Elasticsearch readiness probe failures

Hi,

tl;dr: Elasticsearch ingest nodes are exhibiting frequent readiness probe failures e.g. {"timestamp": "2021-04-19T09:58:01+00:00", "message": "readiness probe failed", "curl_rc": "28"}. We would like to understand why this happens?

Our usecase is purely log ingestion with the ELKB stack, the setup consists of a 7.12.0 ES cluster orchestrated by ECK 1.5.0 on K8S 1.18.9 on AWS. The ES cluster consists of the following nodeSets:

  • master-{a,b,c}
    • 1 nodeSet per availability zone, 1 node per nodeSet
    • EC2 c5.4xlarge type
  • data-hot-{a,b,c}
    • 1 nodeSet per AZ, 10 nodes per nodeSet
    • EC2 i3en.2xlarge type
  • coordinating-{a,b,c}
    • 1 nodeSet per availability zone, 1 node per nodeSet
    • EC2 m5.2xlarge type
  • ingest-{a,b,c}
    • 1 nodeSet per availability zone, 1 node per nodeSet
    • EC2 m5.2xlarge type

Or in detail: Elasticsearch on ECK setup · GitHub

We have a logstash 7.11.1 "indexer" that feeds this cluster from kafka via the elasticsearch output. The ES output is configured to send data to a non-ECK configured logging-prod-es-ingest Service (see above) that connects to the ingest nodes (everything else connects to the coordinating nodes via the original Service).
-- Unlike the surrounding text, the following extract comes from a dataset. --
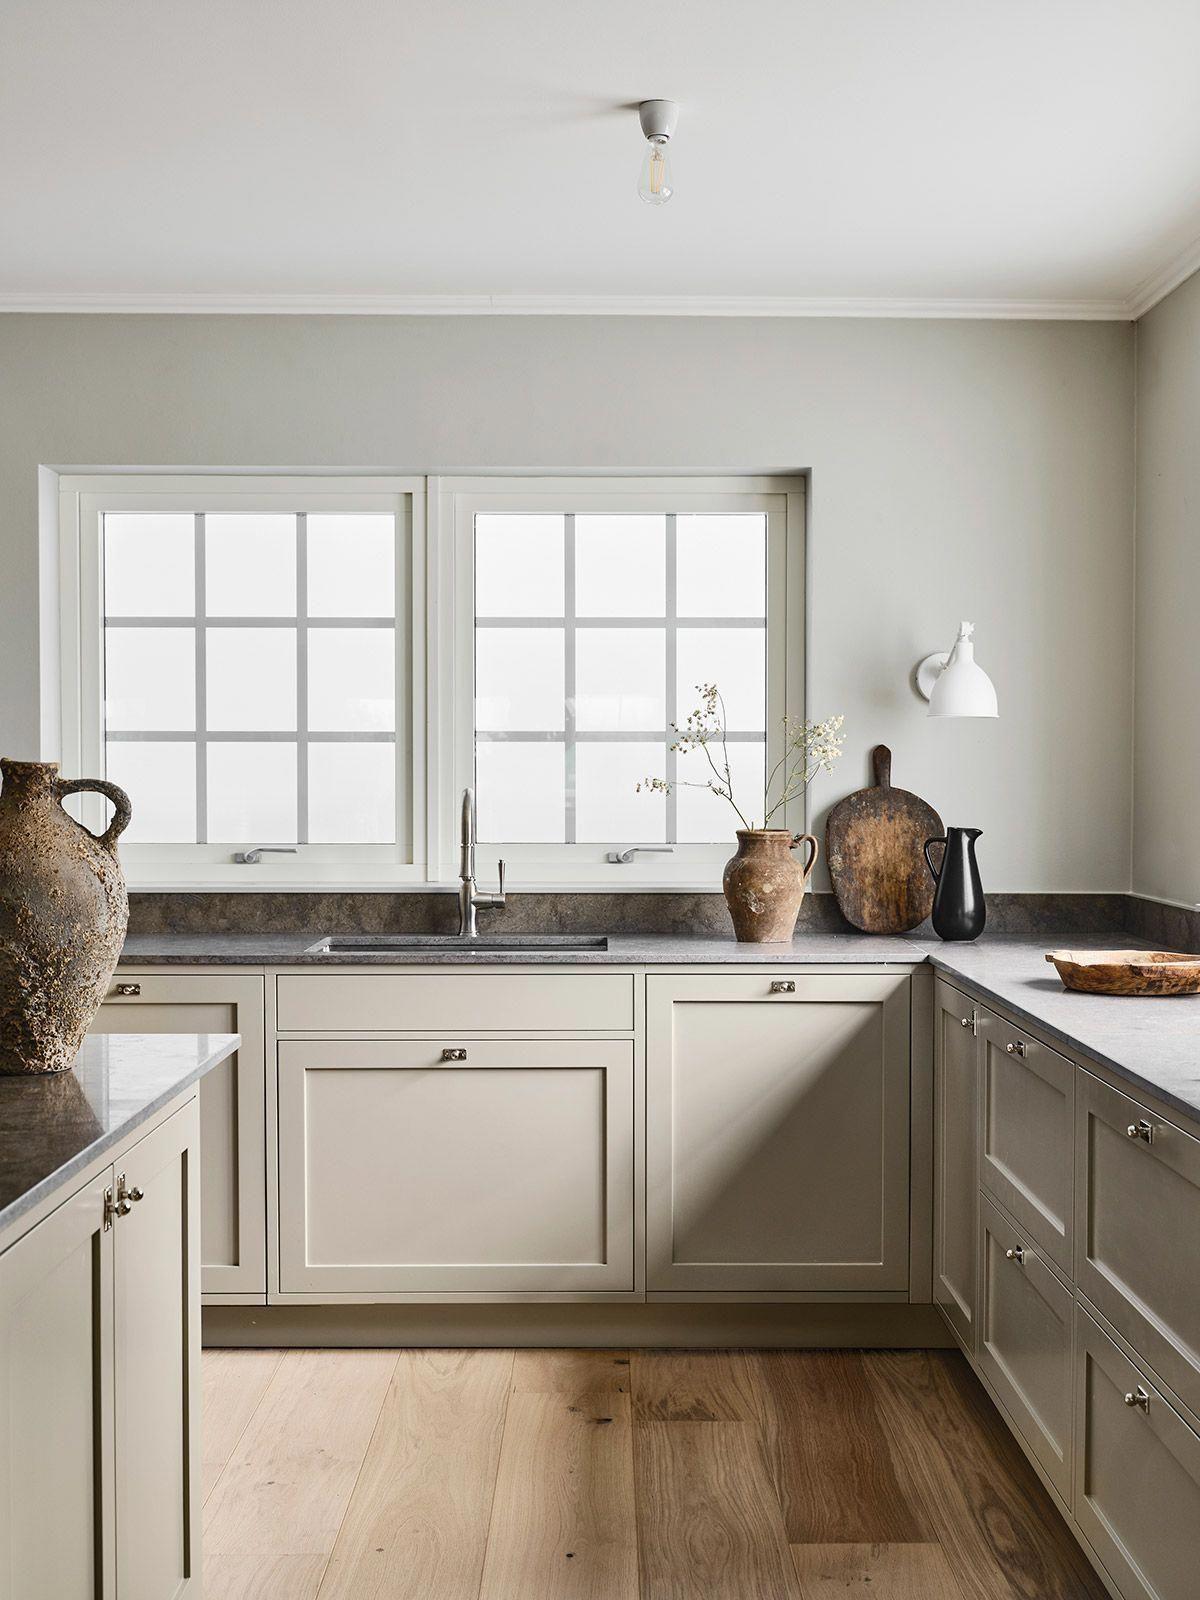 The Nordic kitchen by Nordiska Kök

Our normal production indexing flow is ~40-60k (including index replicas), sent in by 6 replicas of the aforementioned indexer (logstash). During our performance tests we reached a peak indexing throughput of ~200k DPS, so we know the current setup is capable of much more.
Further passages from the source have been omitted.